_Task input_:
★ ★ ★

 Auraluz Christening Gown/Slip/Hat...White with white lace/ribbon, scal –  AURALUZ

★ ★ ★

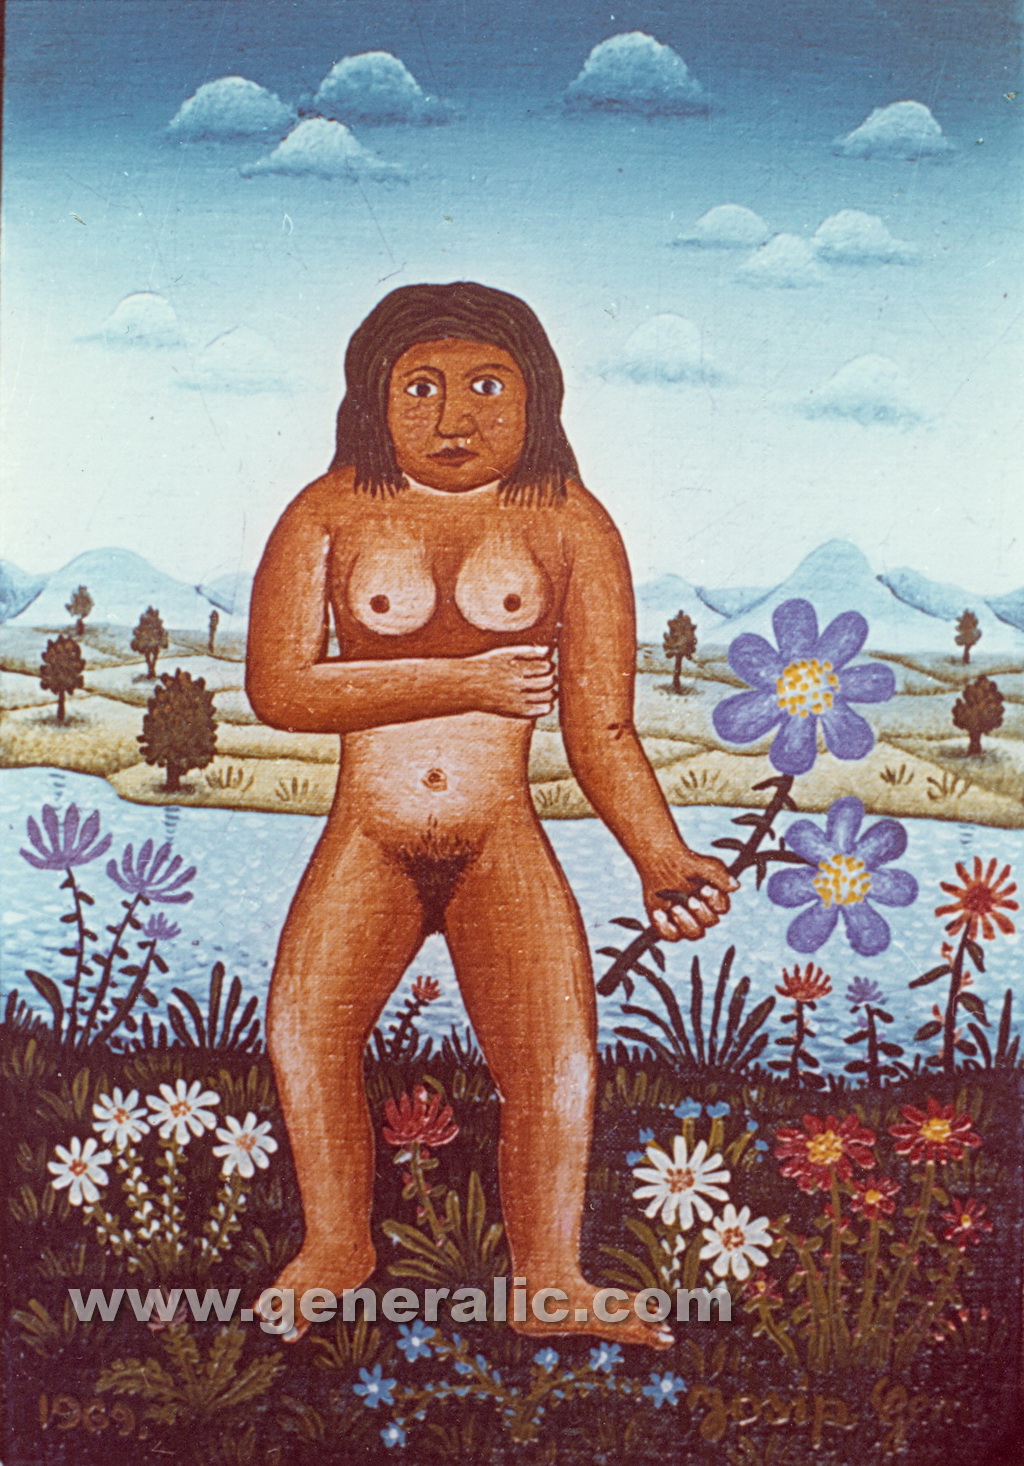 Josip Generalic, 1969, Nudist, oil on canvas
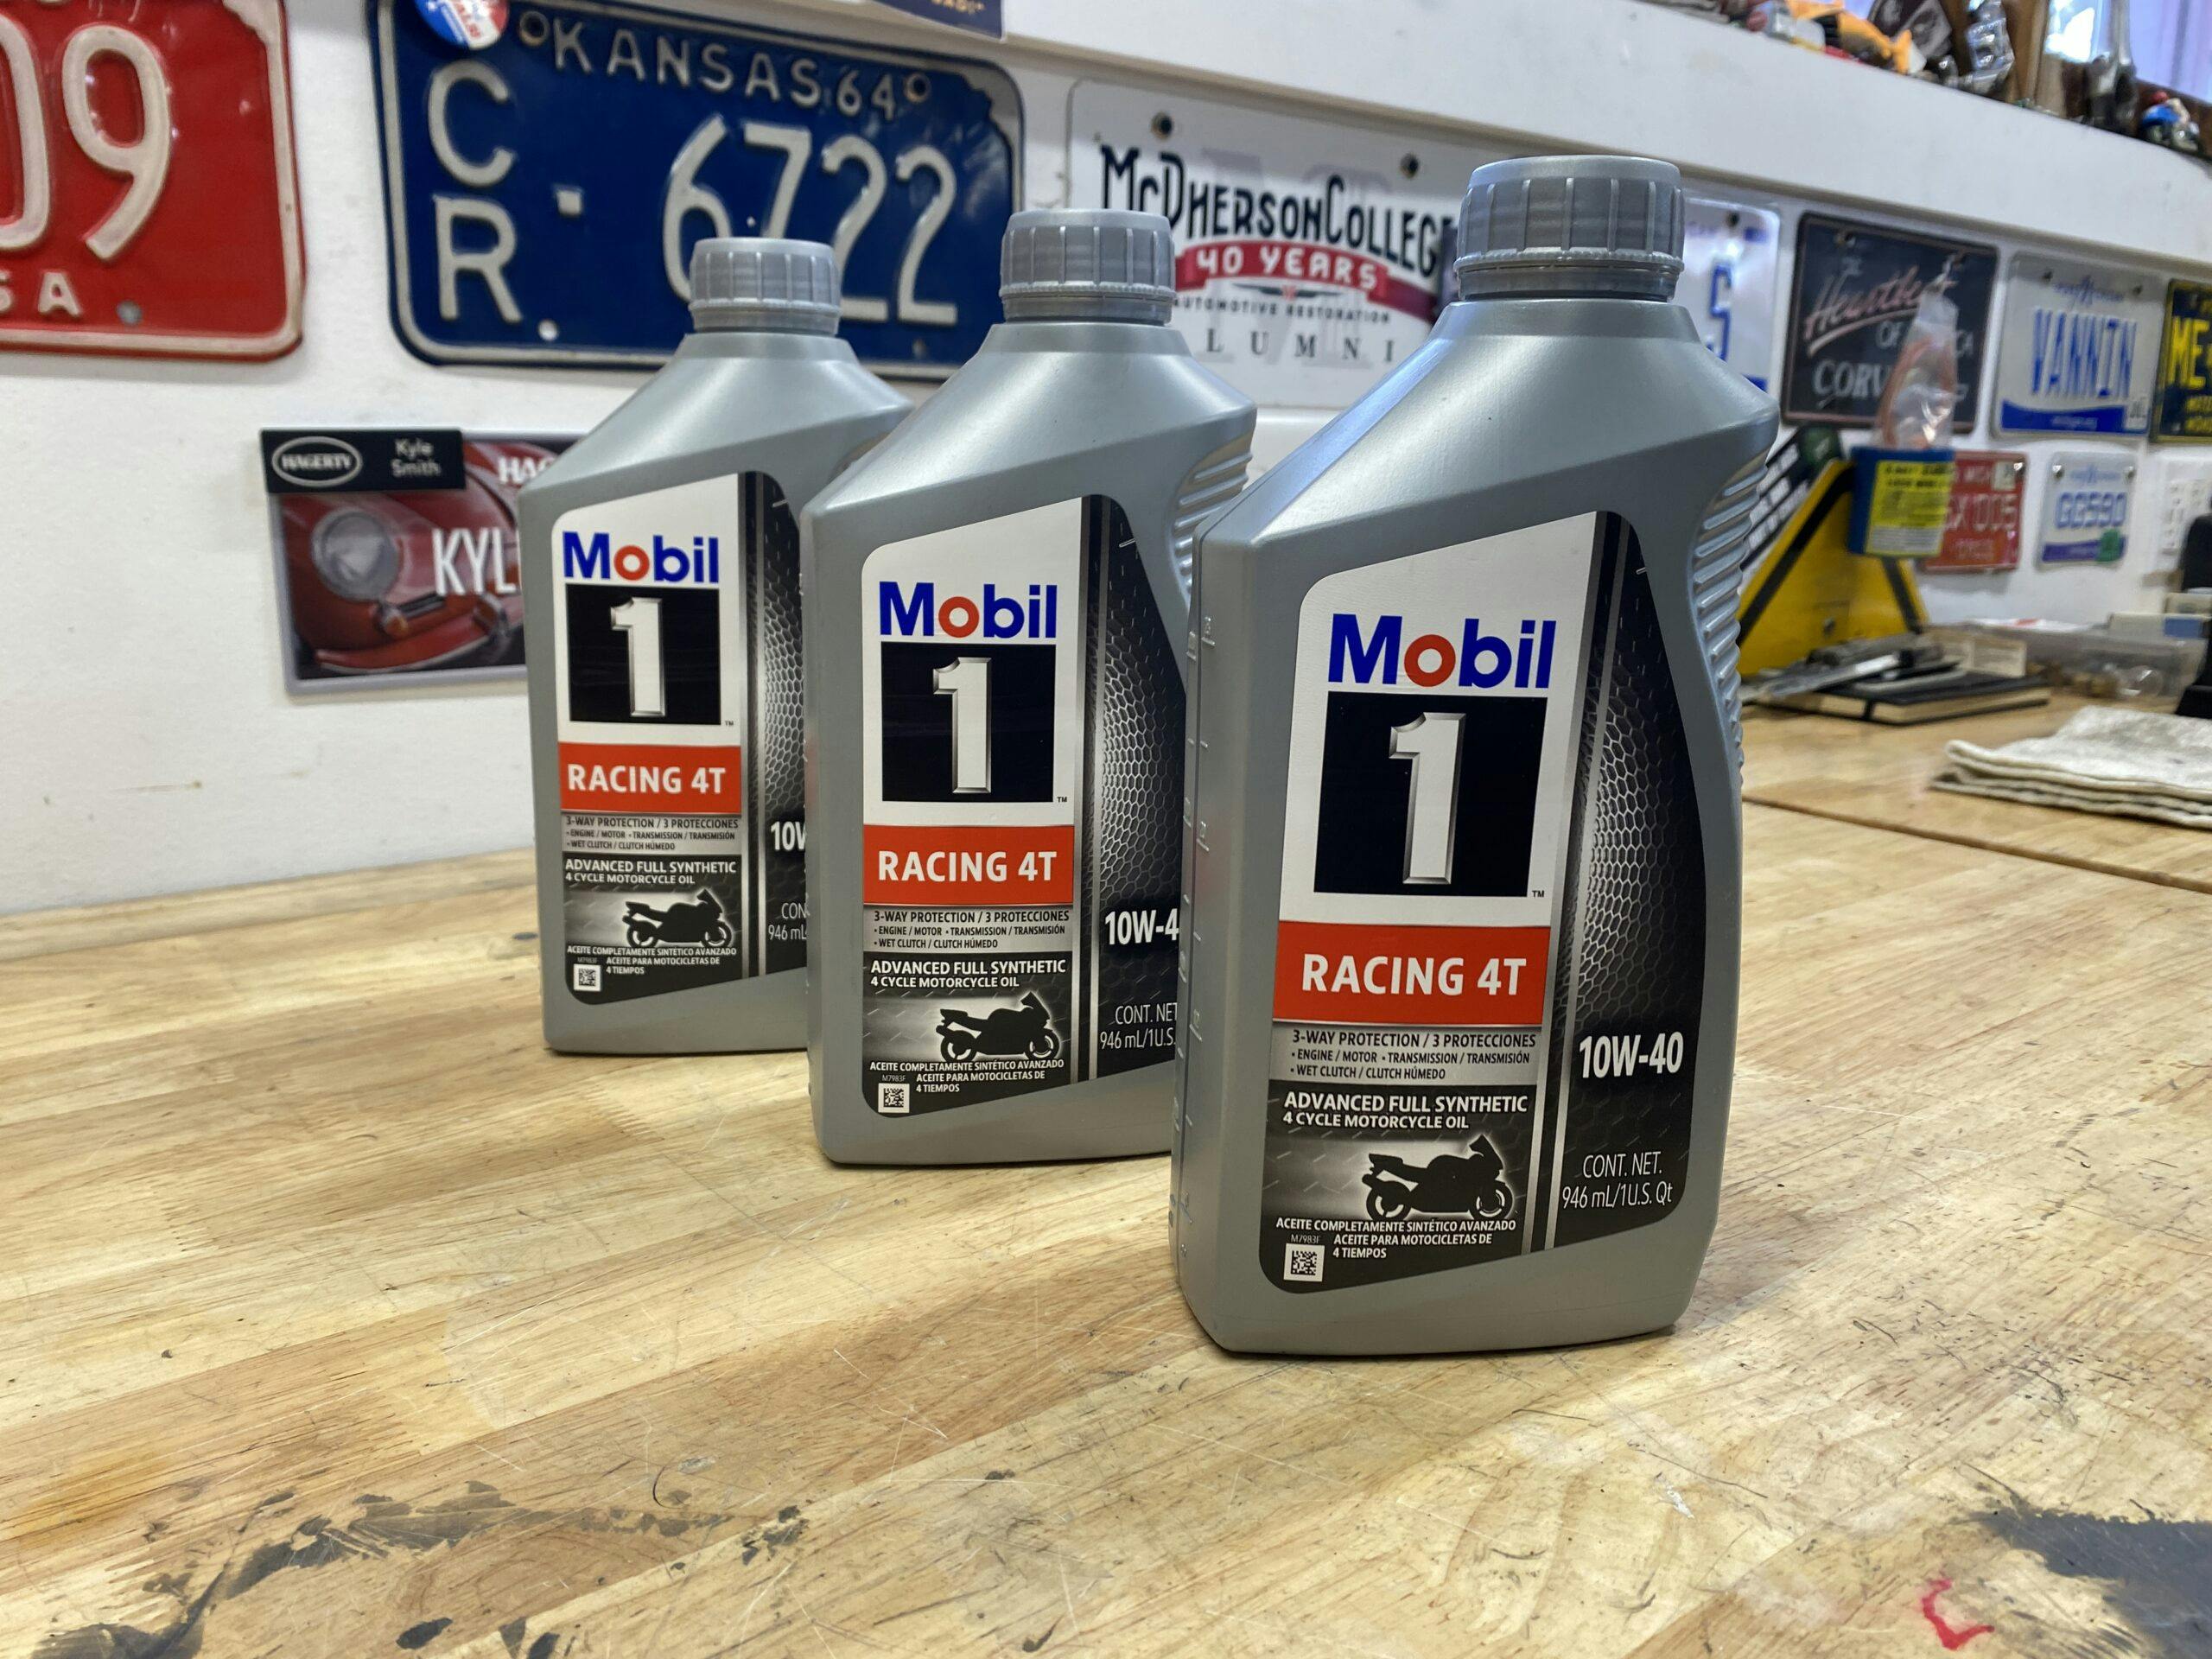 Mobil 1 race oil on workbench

★ ★ ★

_Assignment_: Among the entries above, find the line with "Josip Generalic, 1969, Nudist, oil on canvas" and repeat exactly from there through the line with "Mobil 1 race oil on workbench", leaving out the pictures.

_Response_:
 Josip Generalic, 1969, Nudist, oil on canvas
 Mobil 1 race oil on workbench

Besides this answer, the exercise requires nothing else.